Non pre-published European patent application 02077863.5 (Attorney docket PHNL020639) describes the use of an all-pass filter, e.g. a comb filter, comprising a frequency dependent delay to derive such a de-correlated signal. At high frequencies, a relatively small delay is used, resulting in a coarse frequency resolution. At low frequencies, a large delay results in a dense spacing of the comb filter. The filtering may be combined with a band-limiting filter, thereby applying the de-correlation to one or more frequency bands.
An object of the invention is to advantageously generate an output audio signal on the basis of an input audio signal. To this end, the invention provides a device, a method and an apparatus as defined in the independent claims. Advantageous embodiments are defined in the dependent claims.
According to a first aspect of the invention, an output audio signal is generated based on an input audio signal, the input audio signal comprising a plurality of input subband signals, wherein at least part of the input subband signals is delayed to obtain a plurality of delayed subband signals, wherein at least one input subband signal is delayed more than a further input subband signal of higher frequency, and wherein the output audio signal is derived from a combination of the input audio signal and the plurality of delayed subband signals. By providing such a frequency dependent delay in the subband domain, parametric stereo can advantageously be implemented especially in those audio decoders where the core decoder already includes a subband filter bank. Filter banks are commonly used in the context of audio coding, e.g. MPEG-1/2 Layer I, II and III all make use of a 32 bands critically sampled subband filter. The plurality of delayed subband signals may be used as a subband domain equivalent of the de-correlated signal as described above. In ideal circumstances the correlation between the plurality of delayed subband signals and the input audio signal is zero. However, in practical embodiments, the correlation may be up to 40% for acceptable audio quality, up to 10% for medium to high quality audio and up to a 2 or 3% for high audio quality.
In an embodiment of the invention the output audio signal includes a plurality of output subband signals. Combining the delayed subband signals and the input subband signals in subband domain in order to obtain the plurality of output subband signals is then relatively easy to implement. In practical embodiments, a time domain output audio signal is synthesized from the plurality of output subband signals in a synthesis subband filter bank.
In order to obtain an efficient implementation a plurality of delay units is provided, wherein the number of delay units is smaller than the number of input subband signals, and wherein the input subband signals are subdivided in groups over the plurality of delays.
Best audio quality is obtained in embodiments where the delays in the plurality of delay units are monotonically increasing from high frequency to low frequency.

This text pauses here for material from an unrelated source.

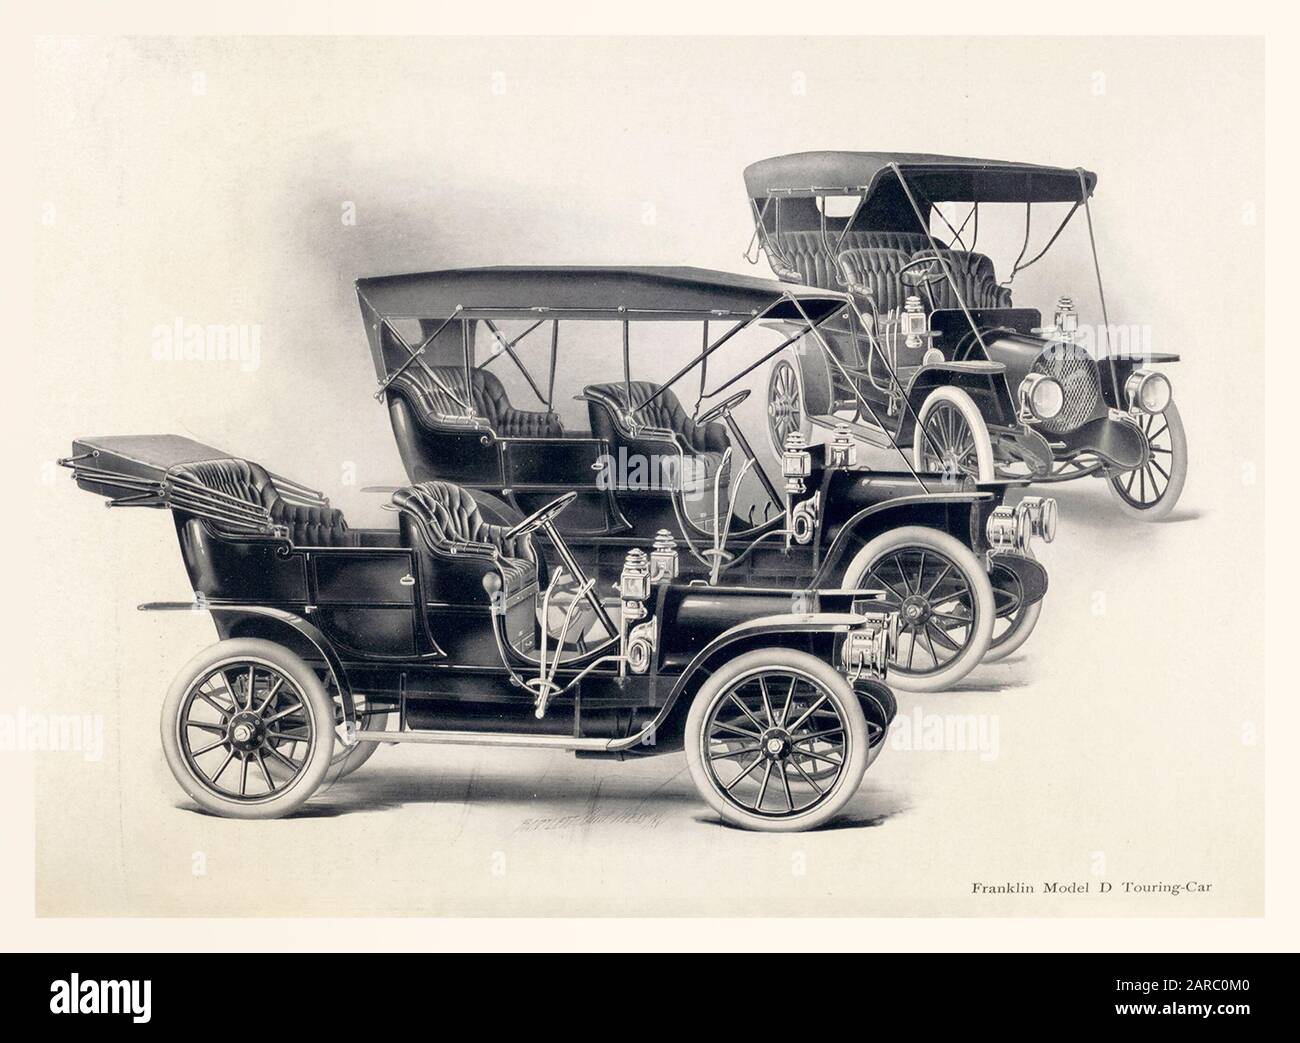 Franklin Model D, voiture de tourisme, illustration de voitures anciennes, vers 1909 Banque D'Images

In an advantageous embodiment of the invention, a complex filter bank is used, which is effectively oversampled by a factor of two because for every real input sample a complex output sample is generated which consists of effectively two values: a real and a complex one. This eliminates the large aliasing components of which the MPEG-1 and MPEG-2 critically sampled filter bank suffers.

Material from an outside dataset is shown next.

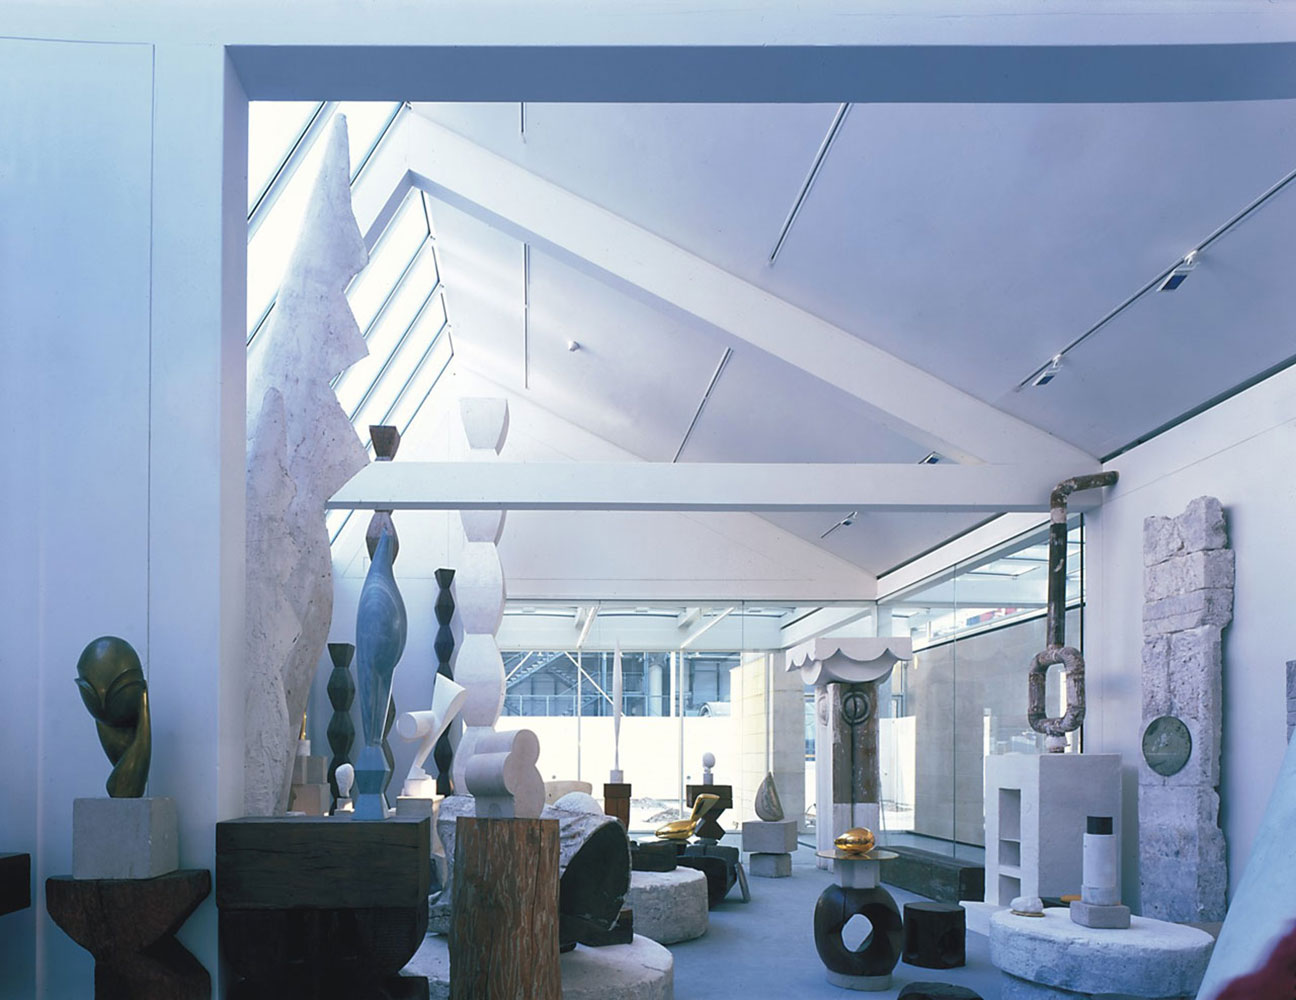 Atelier Brancusi at the Pompidou Centre

In an efficient embodiment of generating the output audio signal, a Quadrature Mirror Filter (“QMF”) bank is used. Such a filter bank is known per se from Per Ekstrand, “Bandwidth extension of audio signals by spectral band replication”, Proc. 1st IEEE Benelux Workshop on Model based Processing and Coding of Audio (MPCA-2002), pp. 53-58, Leuven, Belgium, Nov. 15, 2002.
The use of an integer number of subband samples delayed signal as de-correlated signal causes time-domain smearing, i.e. the signal placement in time is not preserved. This may cause artefacts around transients, i.e. in those cases where a signal strength change is above a predetermined threshold. Signal strength can be measured in amplitude, power, etc. In an advantageous embodiment of the invention, artefacts around transients are mitigated by deriving a de-correlated signal in the surroundings of a transient by using fractional delays instead of integer delays. A fractional delay is a delay less than the time between two subsequent subband samples and can easily be implemented by using a phase rotation. A transition from fractional delays to the integer delays, and vice-versa, may result in discontinuities in the de-correlated signal. In order to prevent such discontinuities, an advantageous embodiment of the invention provides a cross-fade to go back from using the fractionally delayed decorrelated signal to the integer delayed decorrelated signal.
These and other aspects of the invention are apparent from and will be elucidated with reference to the embodiments described hereinafter.
In the drawings:
The drawings only show those elements that are necessary to understand the invention.
In the following, an advantageous embodiment of the invention is described for generating a stereo output audio signal based on a mono input audio signal by using parametric stereo. The input audio signal includes a plurality of input subband signals. The plurality of input subband signals are delayed in a plurality of delay units providing more delay for lower frequency subbands than for higher frequency subbands. The delayed subband signals serve as a subband domain version of the de-correlated signal needed in the generation of the stereo output signal.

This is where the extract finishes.